Can nursing be a tick-box exercise?

Nursing made the headlines this week and again it was not for good reasons.

It makes me sad that frequently nursing seems to be at the heart of what is wrong with the NHS. Widespread media reports worry me that nurses, as a profession are portrayed as uncaring and cannot be bothered to actually care for people. As someone who takes pride in their work and tries hard to ensure myself and my team deliver high quality of care, it worries me that these reports imply that we are all this bad. I’m not trying to deny that poor standards exist or say that improvements are not needed.

My trust has a mission statement based on the NHS Constitution.  At a recent trust event we were asked in groups to discuss this mission statement and if it had the correct focus for our organisation. The feeling amongst my group was that it is a tokenistic gesture that doesn’t actually have any relevance for us as practitioners. I was very taken aback by this. The pledges made in the mission statement relate directly to the poor standards of care that are reflected in the frequent reports of public outcry. The discussion group comprised of all professional groups, not just nurses. It left me wondering whose agenda are we working to? As health professionals are we not bothering to take notice of the basics that are fundamentally important to out patients? Have we lost sight of what is important in healthcare?

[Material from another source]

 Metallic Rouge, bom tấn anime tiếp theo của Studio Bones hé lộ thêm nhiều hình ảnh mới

Combining this attitude with the concern over standards of nursing it made me wonder who is responsible for this? Is it due to a minority of individual nurses who are in the profession for the wrong reasons? I suspect that the problem is far greater than a few people and that the overall problem is partly due to culture than personal attitude. Is nurse education that bad that it does not cover the basics of caring? As someone who was a followed a degree programme for initial registration, I was frequently told by others that I wasn’t interested in nursing, I wanted to be a manager. Their presumptions could not be further from the truth. I’ve watched the diploma v degree debate with interest and am saddened that many nurses view degrees as a bad thing purely on the basis that they believe degree courses are only capable of creating managers. Is there a lack of nurse leadership or representations on trust boards? Staffing issues are nearly always the main excuse for poor care – why are these not addressed more fully? Realistically I feel that all of these factors contribute towards the situations that we regularly find are occurring with the NHS.

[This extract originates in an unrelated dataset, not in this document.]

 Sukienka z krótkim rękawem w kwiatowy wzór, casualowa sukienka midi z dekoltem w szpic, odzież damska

As part of my next fellowship module I’ve been reading the report into the Mid Staffordshire enquiry. The report was more interesting than I had expected. It also made me realise the point behind many of the activities we regularly have to carry out at work.  Audit is an example of this. I confess I find regular audits at work a bind and a pain to complete. The  report made me consider what potentially could happen in the absence of an audit structure. At Mid Staffordshire audits were not carried out. The trust relied entirely on external inspections and did not monitor standards in between these visits.

This week at work I started regular group clinical supervision sessions for the team. Prior to this we had not formally completed clinical supervision but it is required by our trust in a new policy. Yesterday we mentioned to a visiting rep about our session that day and she sighed and said ‘Oh, another tick you have to put in a box for the sake of it.’ This made me wonder – is this reducing nursing to a tick-box exercise? Again, viewing this in the context of Mid Staffordshire, what would the alternative be in the absence of clinical supervision?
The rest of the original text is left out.